You should consider finishing the coding for this project at least 2 days before the actual deadline, so you have enough time for the analysis. Note that most of the points in this assignment are awarded for the analysis

Task 0: Read the background description, download the code, and try the boolean ranking code in SearchFiles.java made available as part of the code. You may try example queries given below. You can also try negated keywords (e.g. -Decal).
Task 1: Implement the Vector Space Model (using *just* tf weights) to rank the documents. Hint: See class notes: Retrieval using inverted files.
NOTE: For a query q and document di, Similarity (q,di) = q.di / |q||di|. Computation of |di|, the 2-norm of the term weights of all terms contained in the document takes more time as you need to scan through every hit document and then all terms it contains to get the normalization factor.

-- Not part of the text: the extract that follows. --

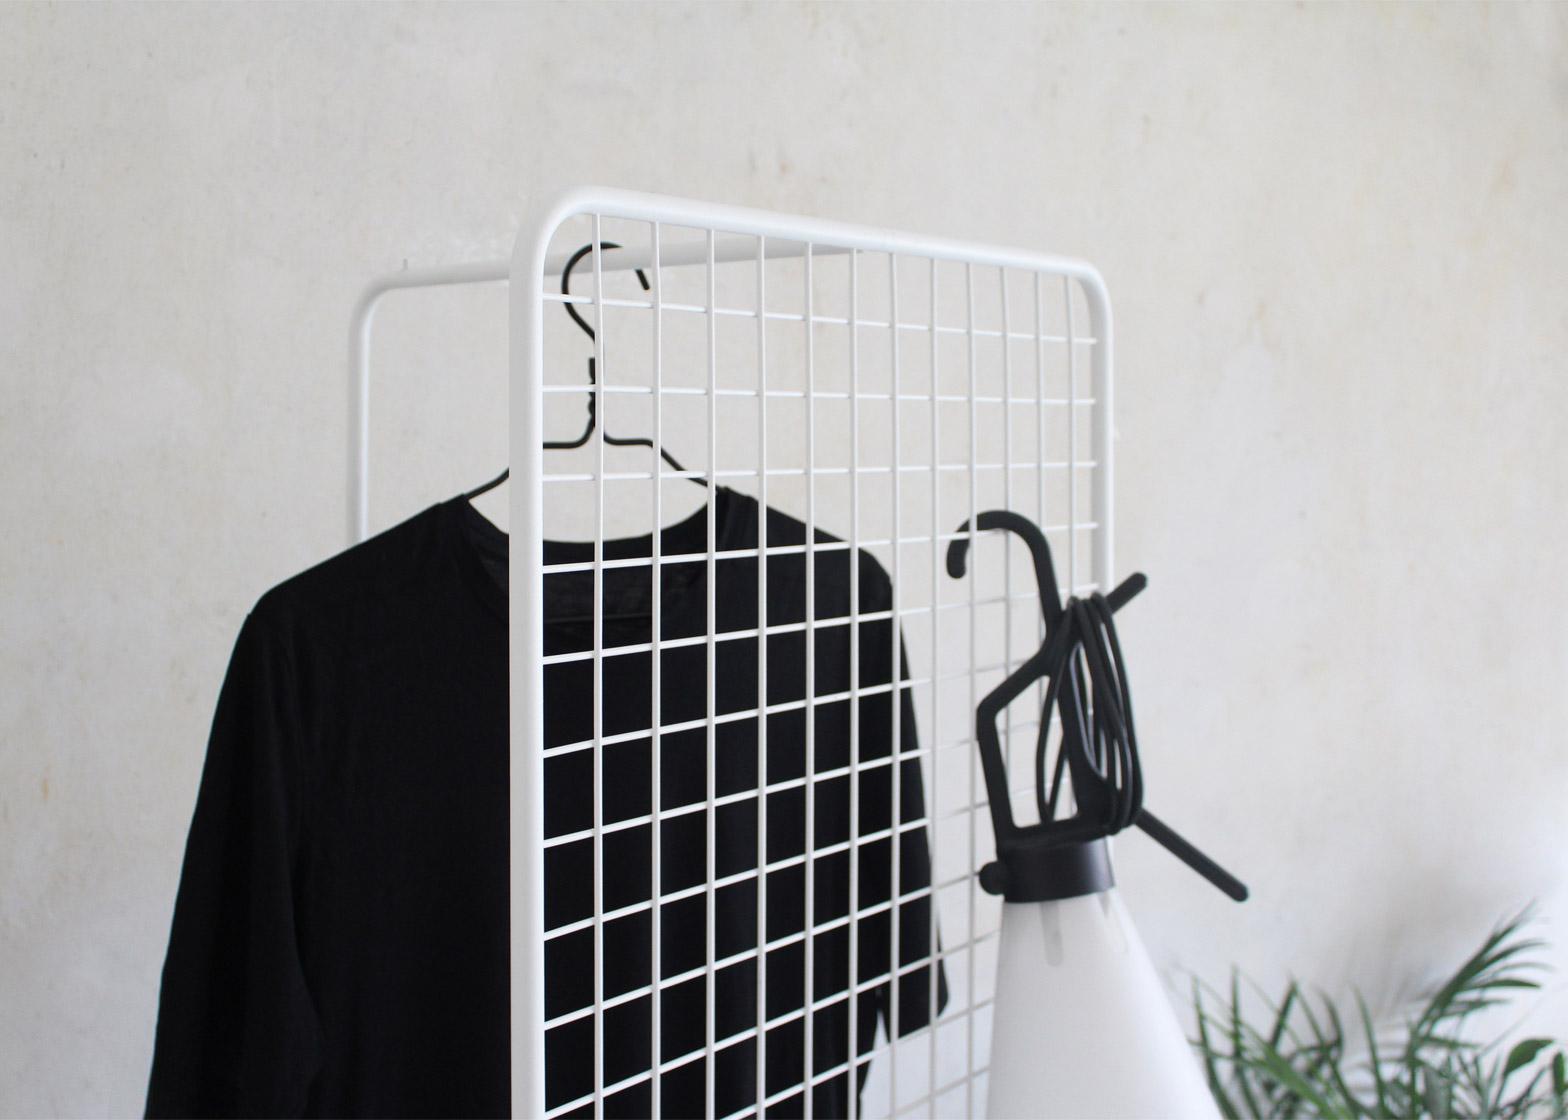 Grid clothing rail by Thomas Schnur for Milan 2016

So better precompute the 2-norms for all documents, rather than doing it every time you compute similarity of a document. You can start with VectorViewer.java code for Vector space ranking.
Task 2: Redo task 1, but now with tf/idf weighting of documents. (notice that while tf is already given, you do need to compute idf yourself. Since the document corpus is not going to change much in this project, you can precompute idf).
Task 3 (extra credit):Evaluate the tf vs. tf/idf ranking to draw any empirical conclusions you can about which is more effective.

SUBMIT:

5 points: Email just your code (not the supporting libraries or data) to sushovan@asu.edu with a subject line [494 code].
5 points: Hardcopy showing the top 10 documents ranked by Vector Space model (once for task 1, and once for task 2) for the 10 example queries below.
5 points: A writeup explaining your algorithm.
10 points: Analyze the speed/efficiency of your algorithm. You may choose to do various experiments, such as plot a graph of the time taken vs number of results, compare the time taken by various phases of the algorithm, and comparing time taken by TF-only search vs TF-IDF search.
5 points: Analyze the correctness of the results. Do they make sense? Does adding a second word to your search change the results? Does adding IDF change the results?
Details of any evaluation you did for the optional task 3.

Example Queries

Grades
newsletter
Decal
Parking
Transcripts
Scholarship
Admissions
Carl Hayden
Fall semester
stimulant web

Download and set up

The code made available as part of the project is written in Java, in an Eclipse project. You can download the latest version of Eclipse here. [Use the third link, the one that says Eclipse IDE for Java Developers (122 MB).] If you choose not to use Eclipse, add the lucene.jar file in the lib folder to your classpath, and you should be ready to compile your code using any compiler of your choice.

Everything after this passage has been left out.